Leaving a legacy of clean India
On the eve of Gandhi Jayanti, and to commemorate the memory of Gandhiji who had dreamt of Swachh Bharat, a Wash in Schools Rotary- UNICEF seminar on Swachh Bharat Swachh Vidyalaya — Partnering for Results was organised in Delhi for DGs, DGEs and DGNs.
Describing it as a “stocktaking exercise”, WinS Global Chair Sushil Gupta said last year Rotary had completed WinS in over 8,000 schools. “What encourages me is that everybody has travelled for this seminar, and that includes PRIP Rajendra Saboo, RIDE C Basker and PRID and Vice Chair of WinS P T Prabhakar, and all the Governors, at their own cost. That shows your commitment to the cause of WinS as well as the future of Indian children.”
He congratulated the Rotarians for committing over 14,000 schools this year.
Please don’t say we are building toilets for schools under WinS; we are doing happy schools, not just building toilet blocks.
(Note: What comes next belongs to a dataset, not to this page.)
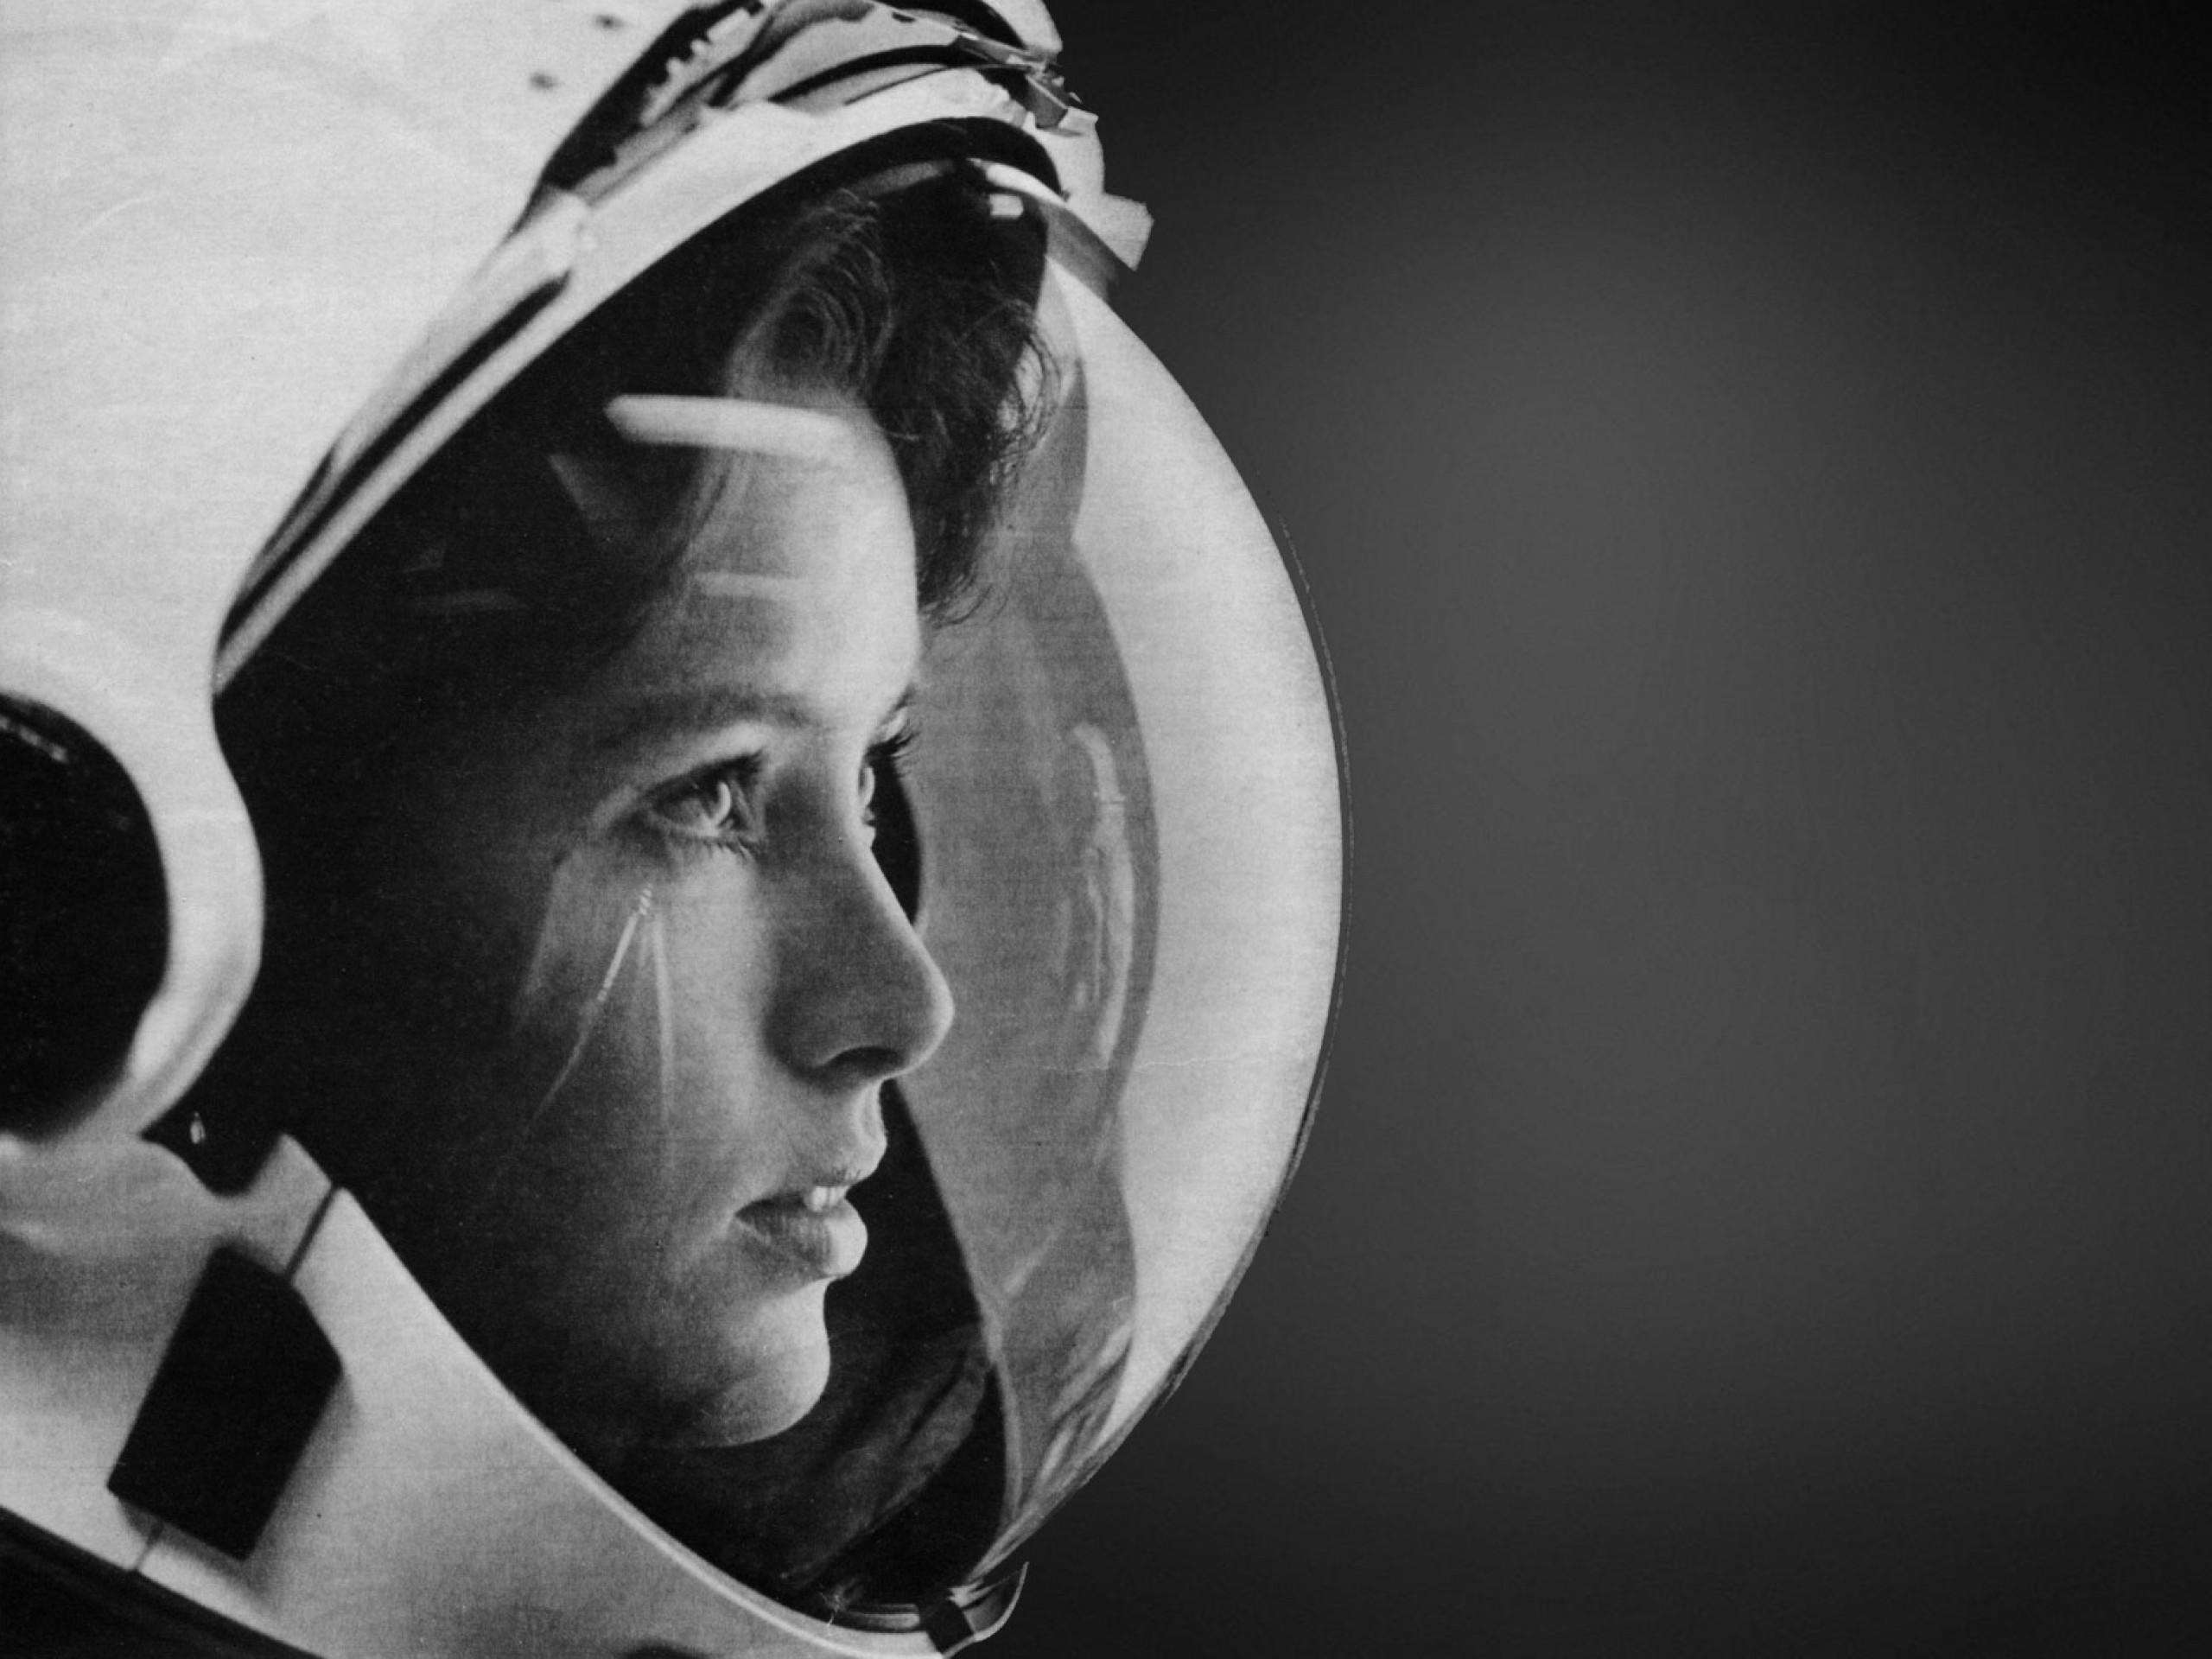 wallpaper.wiki-HD-Astronaut-Photos-PIC-WPD003847-1

– WinS Global Chair Sushil Gupta
Apart from taking stock, the meet would discuss the road for the future, he said, and assured the leadership in the room that even though WinS had been launched as a pilot project by RI, it will not end in 2018, “and do not worry about funding from the Foundation; if you move systematically, we will ask less questions”.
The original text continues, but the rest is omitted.